(Extracted data entries)
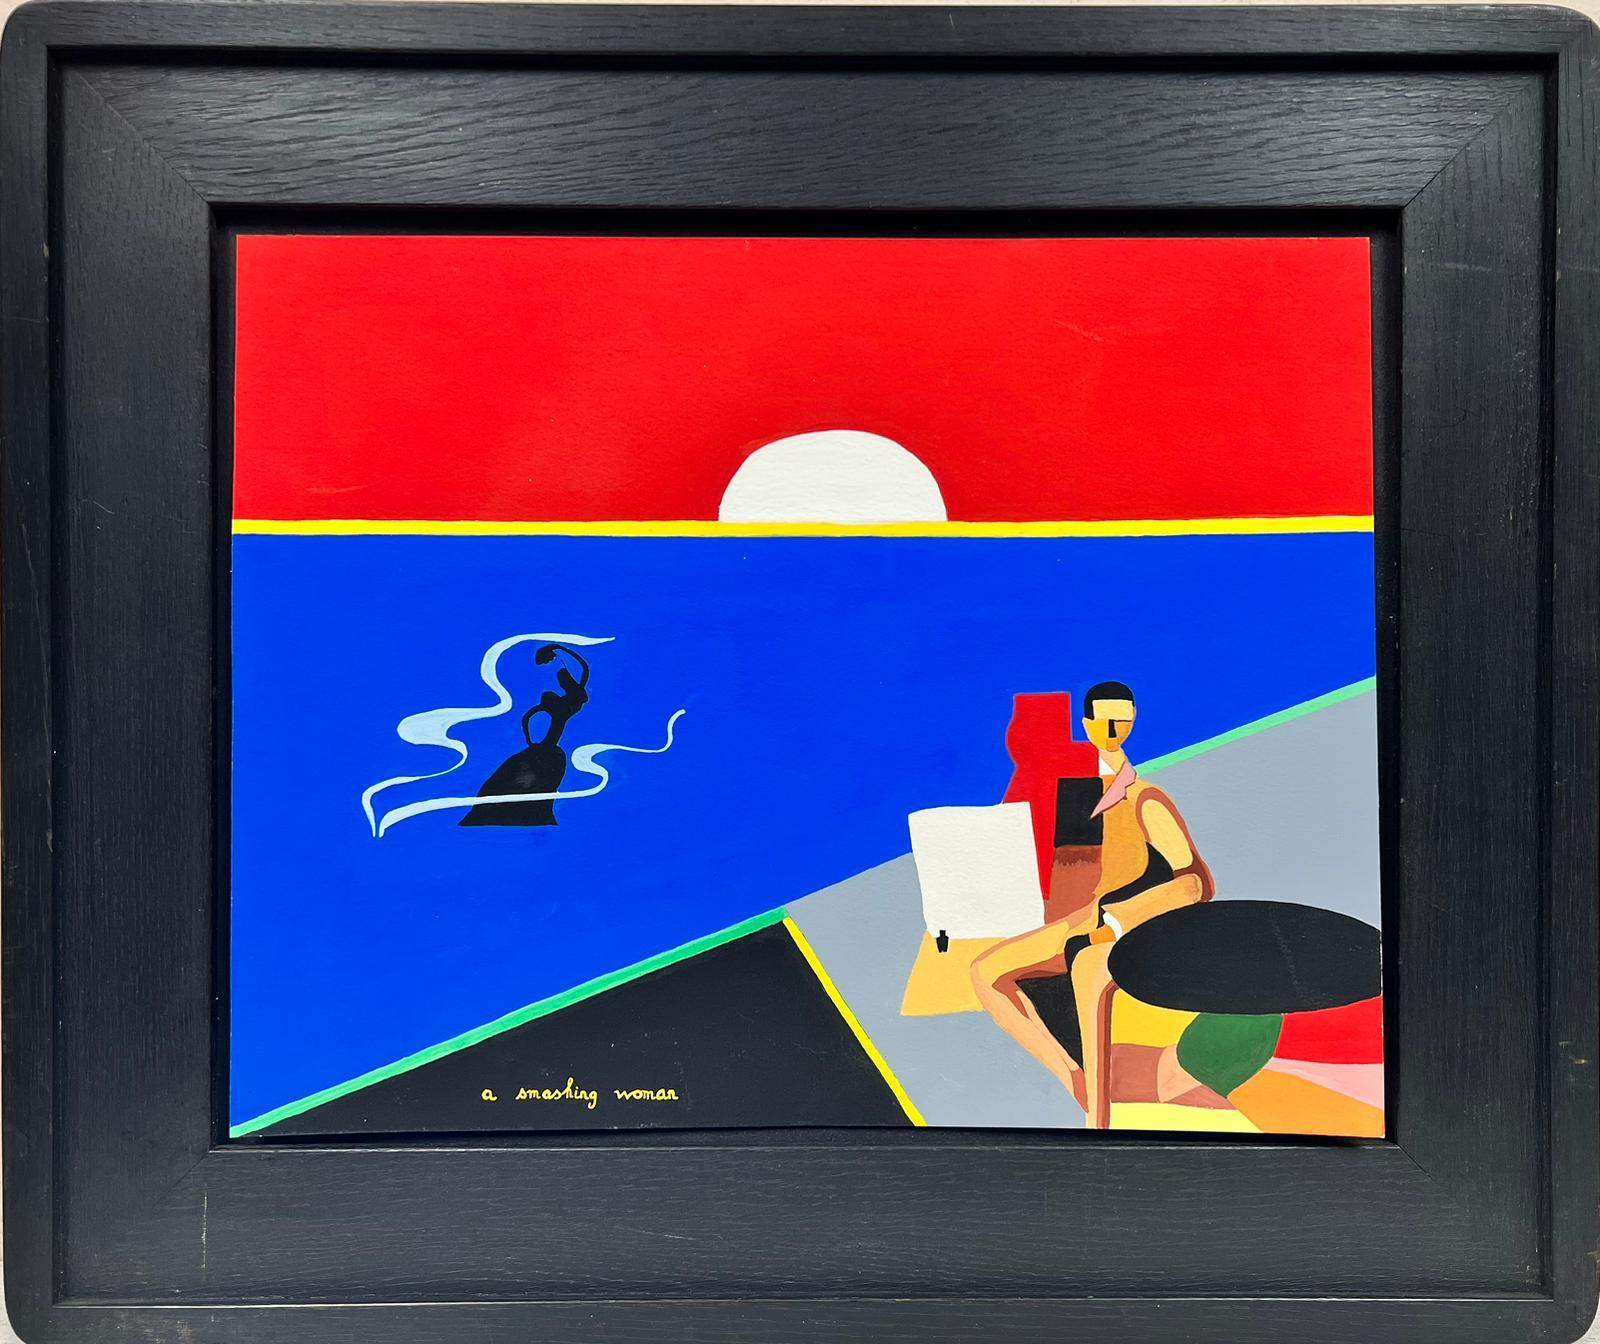 Contemporary British 
acylic painting on paper stuck on board, in a black frame
framed: 16 x 18.5 inches
paper: 11 x 13.5 inches
private collection
the painting is in overall very good and sound condition/ small scratch on black frame

▶ _Assignment_
The task calls for duplicating the data exactly, with no images kept.

▶ _Task response_
 Contemporary British 
acylic painting on paper stuck on board, in a black frame
framed: 16 x 18.5 inches
paper: 11 x 13.5 inches
private collection
the painting is in overall very good and sound condition/ small scratch on black frame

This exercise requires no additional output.